2.3. Expressão dramática como modelo de «expressão-acção»

Para se entender as actividades dramáticas baseadas nas práticas de «expressão- acção» é necessário situá-las no tempo e no espaço, sobretudo no espaço geográfico que nos conduz ao Quebec, no Canadá, onde, sobretudo sob a influência das teorias personalistas ou humanistas da psicologia americana, se chamava a atenção para “o pouco espaço deixado à subjectividade, a liberdade e o sujeito na educação” (Bertrand 2001: 41).

As décadas de 70 e 80 foram marcadas pelas correntes não directivas que evoluíram para uma concepção interactiva da formação, onde o trabalho em equipa tinha essencialmente como finalidade o desenvolvimento individual. De acordo com Bertrand (2001), um conjunto de documentos de onde se destacam «L`activité éducative» e «Opération départ», ambos publicados em 1971, são determinantes na altura, considerando que a

[...] educação deve incidir nos profundos recursos do ser mais do que na aquisição de um saber cultural e técnico, posto que o desenvolvimento da personalidade importa mais que a aquisição de um conteúdo (…) o ensino deve favorecer, nas crianças e nos estudantes, o desenvolvimento da criatividade, da imaginação, da expressão espontânea, da autonomia pessoal, da faculdade de auto-avaliação e do julgamento. [...] (Bertrand 2001: 56)

A influência de Rogers (1985) nesta fase é determinante, baseada no seu trabalho e na sua experiência como psicoterapeuta, dedicado à evolução da personalidade e do

comportamento no sentido de um desenvolvimento da pessoa, o que veio a influenciar a sua concepção de educação não directiva, centrada na pessoa.

O autor descobriu que a transformação pessoal era facilitada quando o psicoterapeuta exprimia abertamente os sentimentos e as atitudes (congruência), acompanhada por uma atitude calorosa, positiva e receptiva (consideração positiva incondicional) e ainda pela compreensão, pela sensibilidade aos sentimentos e às reacções pessoais que os pacientes experimentam (empatia).

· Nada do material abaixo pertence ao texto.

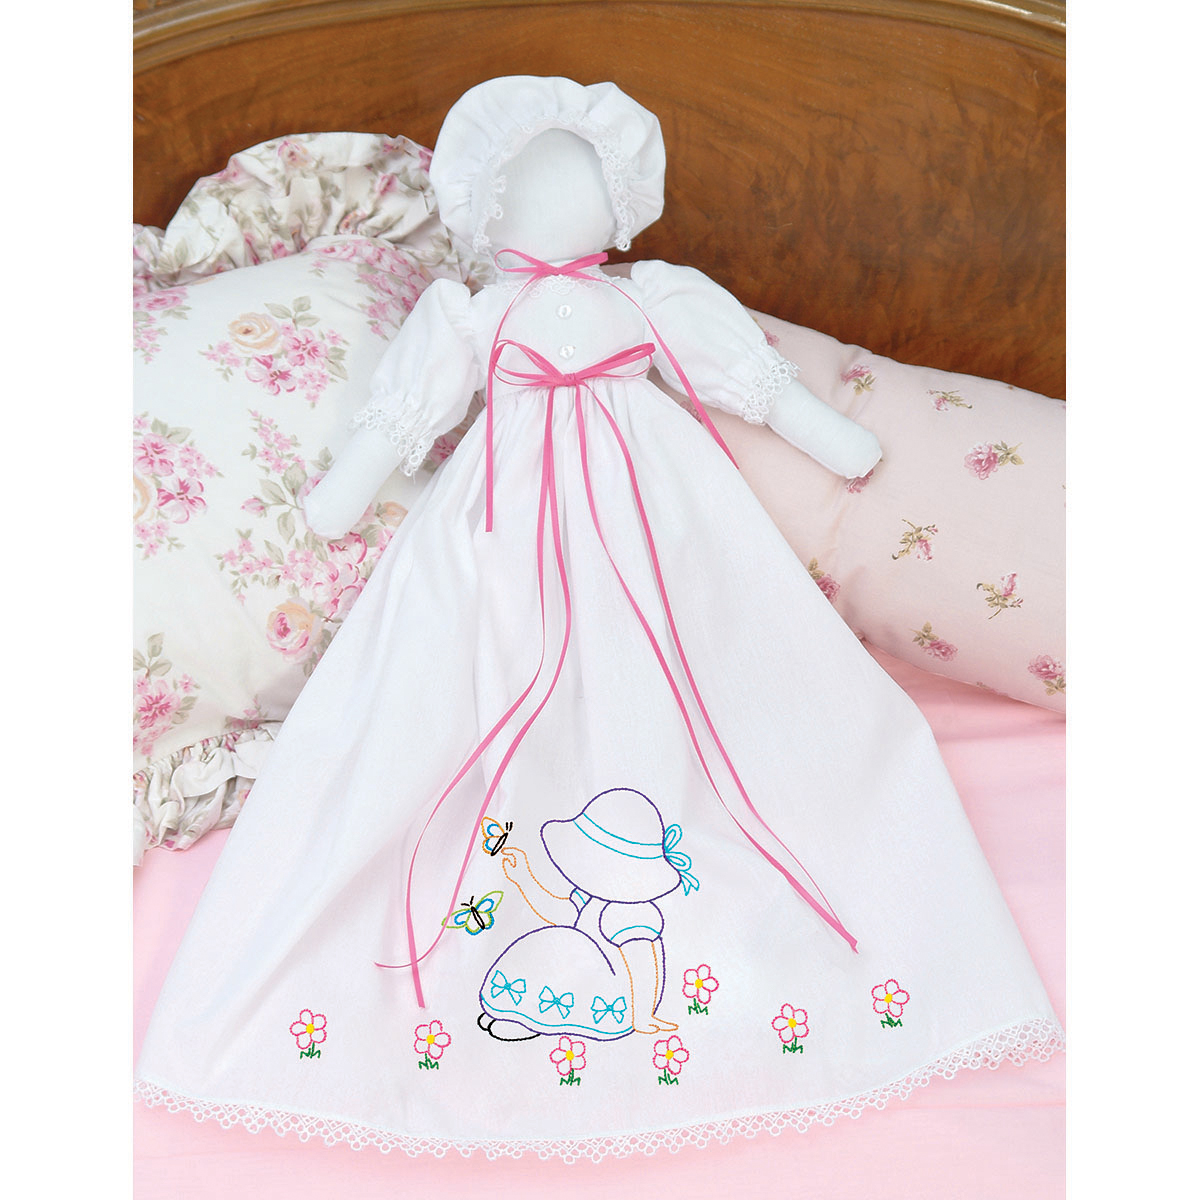 Jack Dempsey Stamped White Pillowcase Doll Kit-Sunbonnet Sue - image 2 of 2

[...] Quanto mais o paciente captar o terapeuta como uma pessoa verdadeira ou autêntica, capaz de empatia, tendo em relação a si um respeito incondicional, tanto mais ele se afastará do modo de funcionamento estático, fixo, insensível e impessoal, e se encaminhará no sentido de um funcionamento marcado por uma experiência fluida, em mudança e plenamente receptiva, dos sentimentos pessoais diferenciados. A consequência deste movimento é que se dá uma evolução da personalidade e do comportamento no sentido da saúde e da maturidade psíquicas e das relações mais realistas com o eu, os outros e o mundo circundante. [...] (Rogers 1985: 68)

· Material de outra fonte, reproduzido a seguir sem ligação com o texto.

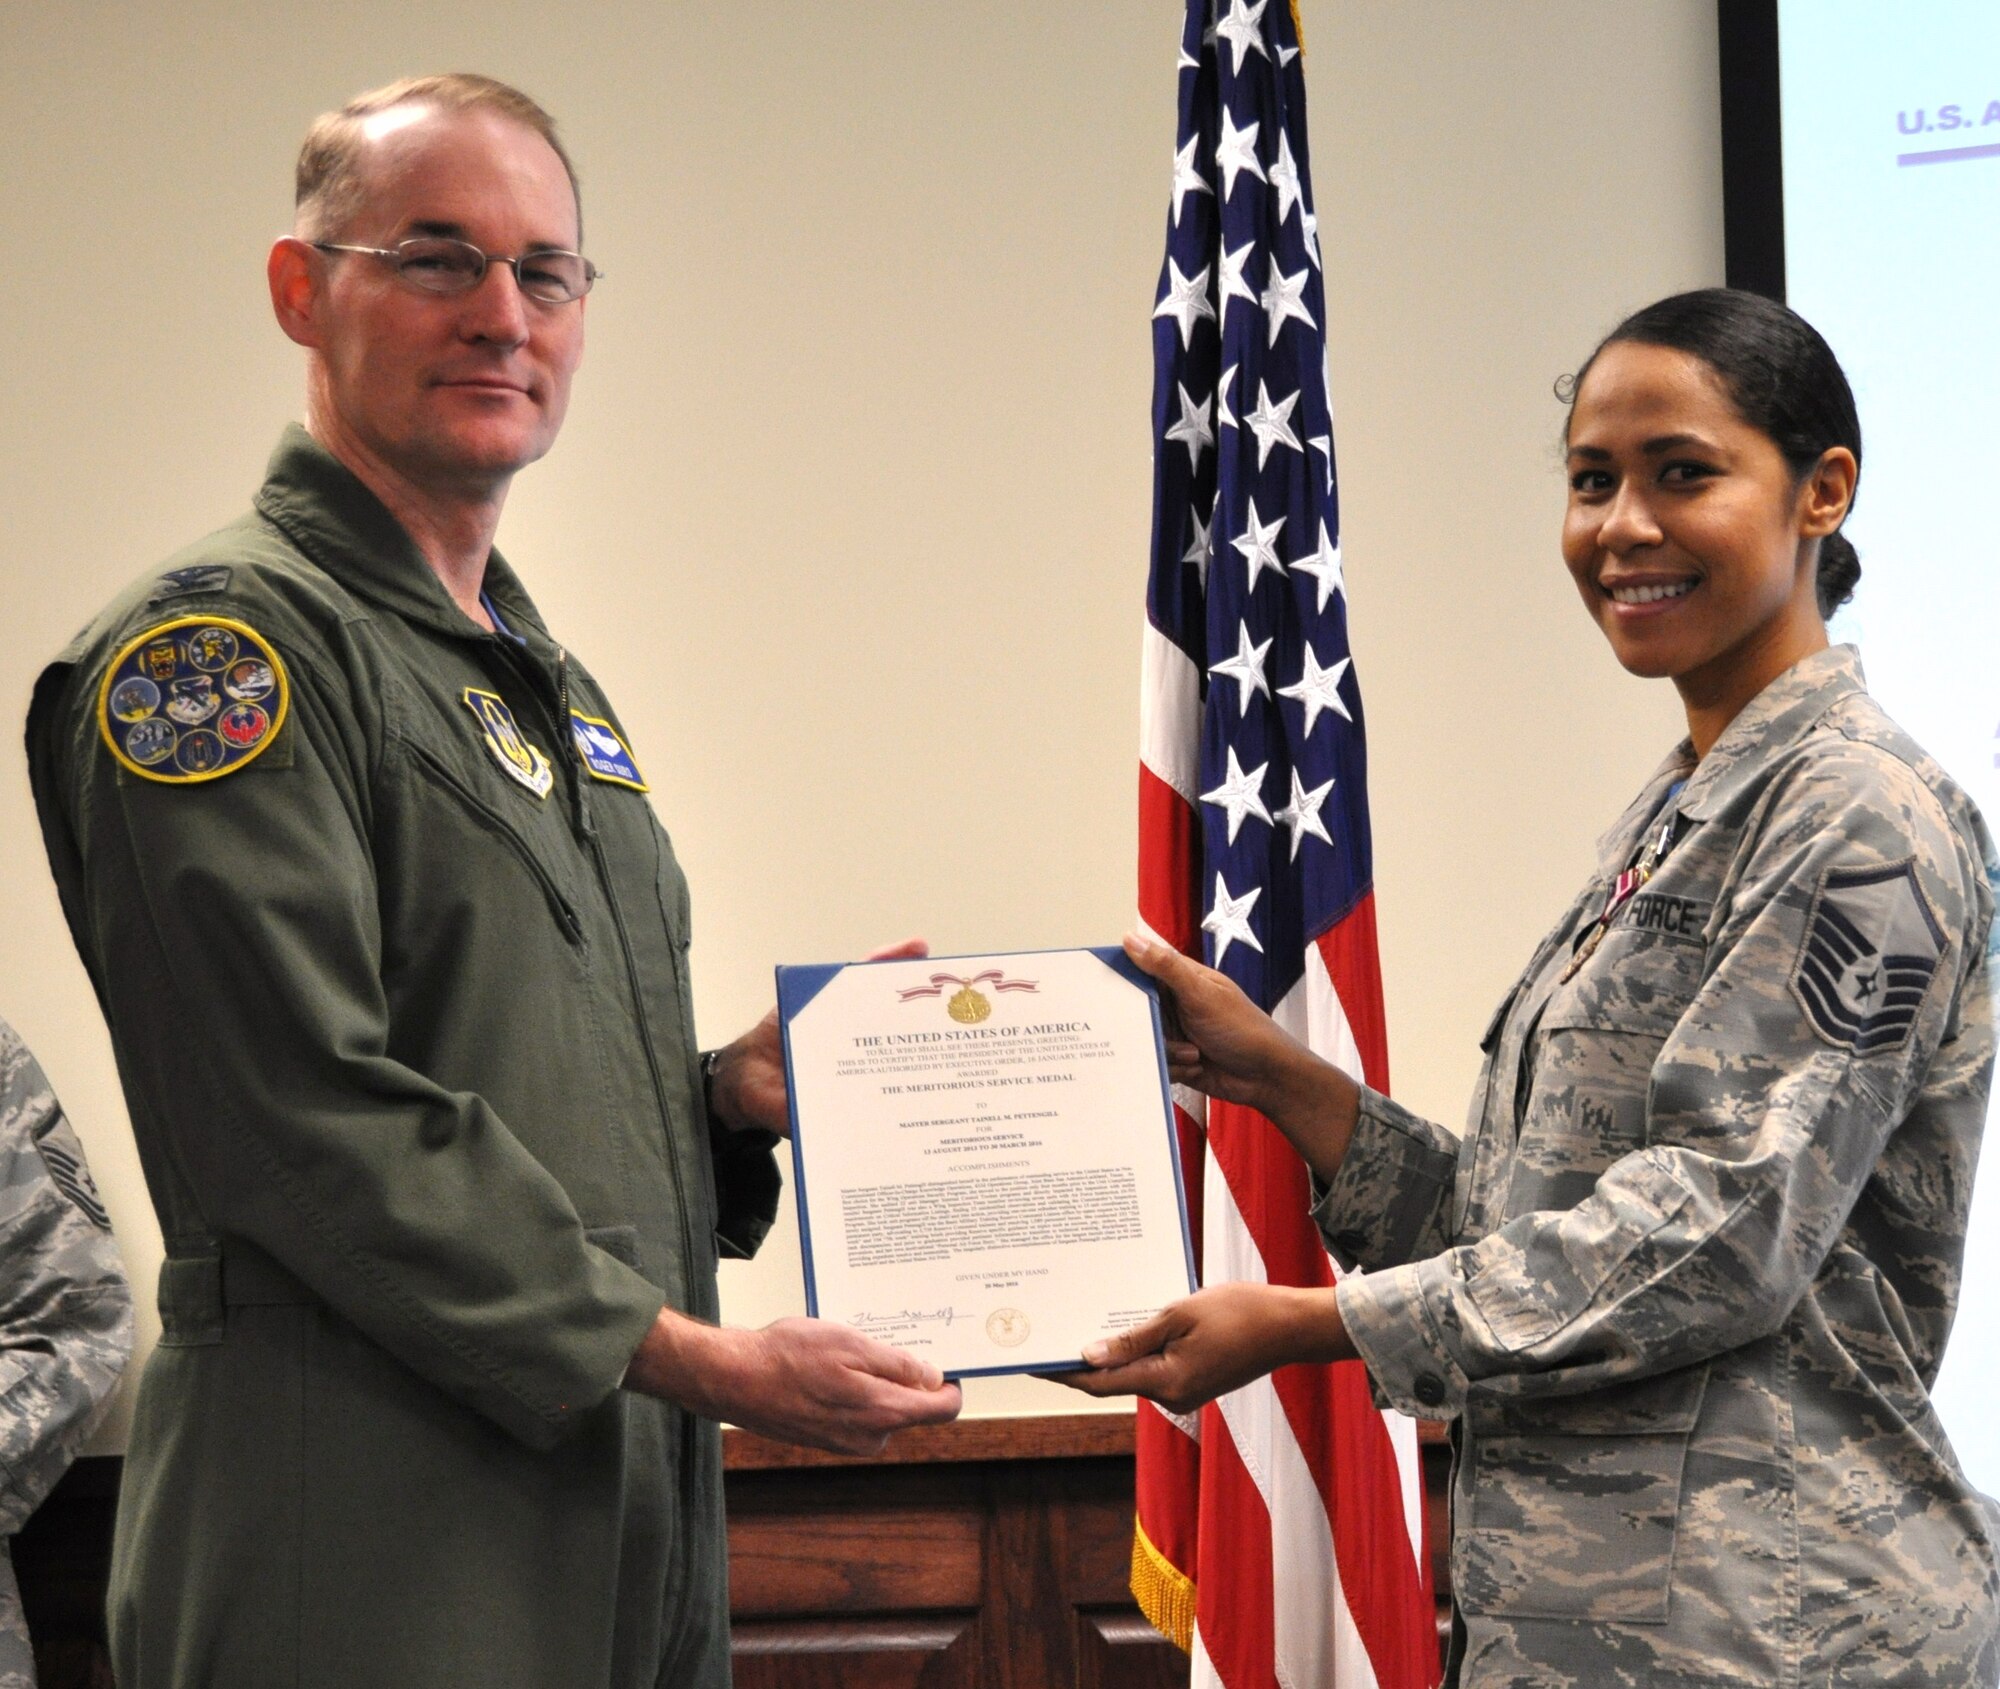 Col. Roger Suro, 340th FTG commander presents a Meritorious Service Medal to Master Sgt. Tainell Pettengill during  the Group's MUTA held Dec. 1-2 at Joint Base San Antonio-Randolph, Texas (Photo by Janis El Shabazz).

A concepção rogeriana da terapia e da relação de ajuda teria posteriormente um grande impacto na educação considerando a aprendizagem experiencial, em que existe um clima propício à resolução de problemas e em que o professor desempenha essencialmente o papel de facilitador na aquisição de conhecimentos, actuando com autenticidade, aceitação e compreensão, ao mesmo tempo que estabelece uma relação de confiança com os alunos, como condição necessária para que ocorram aprendizagens significativas.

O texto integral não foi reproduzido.